Improved roads made it easier to keep in close touch with distant
parts of the Roman world, and to move troops wherever they are
needed. New towns, built to Roman design, are established in areas
where there was previously no administrative structure.
The region in which Augustus made the most effort to extend the
empire was beyond the Alps into Germany. By 14 BC the German
tribes were subdued up to the Danube. In the next five years Roman
legions push forward to the Elbe. But this further border proved
impossible to hold. In AD 9 Arminius, a German chieftain of great
military skill, destroyed three Roman legions in the Teutoburg Forest.

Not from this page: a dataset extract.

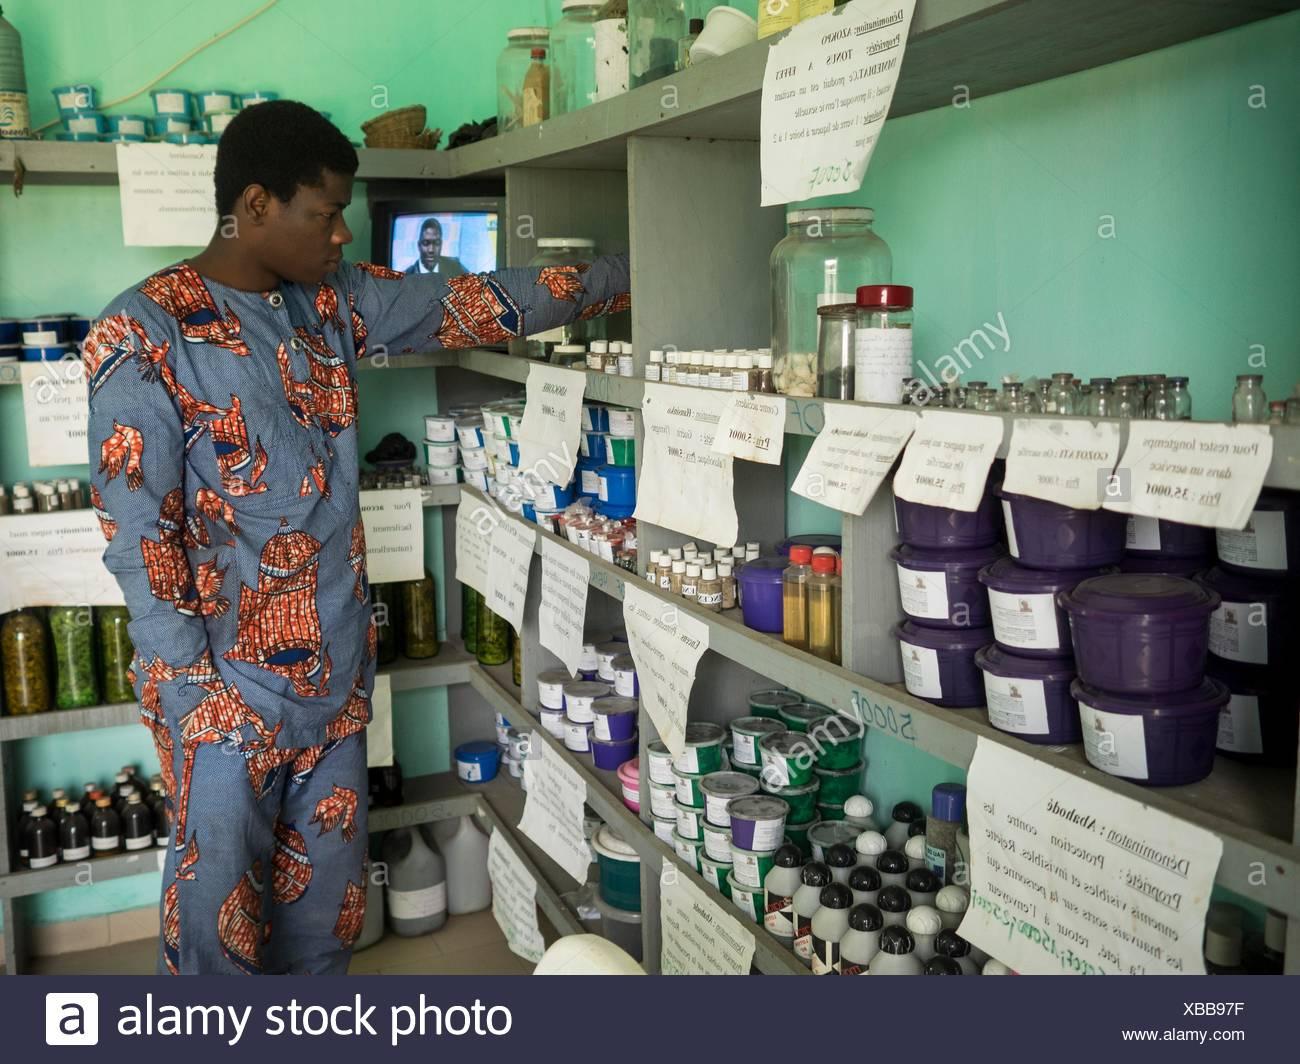 Ein Mann untersucht Flaschen traditioneller Arzneimittel verschrieben für eine Vielzahl von Beschwerden, wie zum Beispiel Stress, Infektion, als Erinnerungshilfen und Exorzismus. Stockbild

The Romans pulled back (though they return briefly to avenge what
seems a shameful defeat). The conclusion, bequeathed by Augustus to
his successors, is that the Roman Empire had some natural
boundaries; to the north these are the Rhine and the Danube.
The stability of Rome made possible a flowering
of the arts. The term Augustan Age came to
represent the idea of cultural excellence, just as
the name of Augustus's close friend Maecenas enthusiastic supporter of both Virgil and Horace is now synonymous with artistic patronage. The
emperor was also an enthusiastic builder. He
boasted, with some justification, that he found Rome a city of brick
and left it a city of marble.
One of the hardest problems confronting Augustus was the question of
his own succession. His attempts to solve it were often authoritarian
and blunt, but they were innocent compared to the actions of his
family in the five decades after his death in AD 14.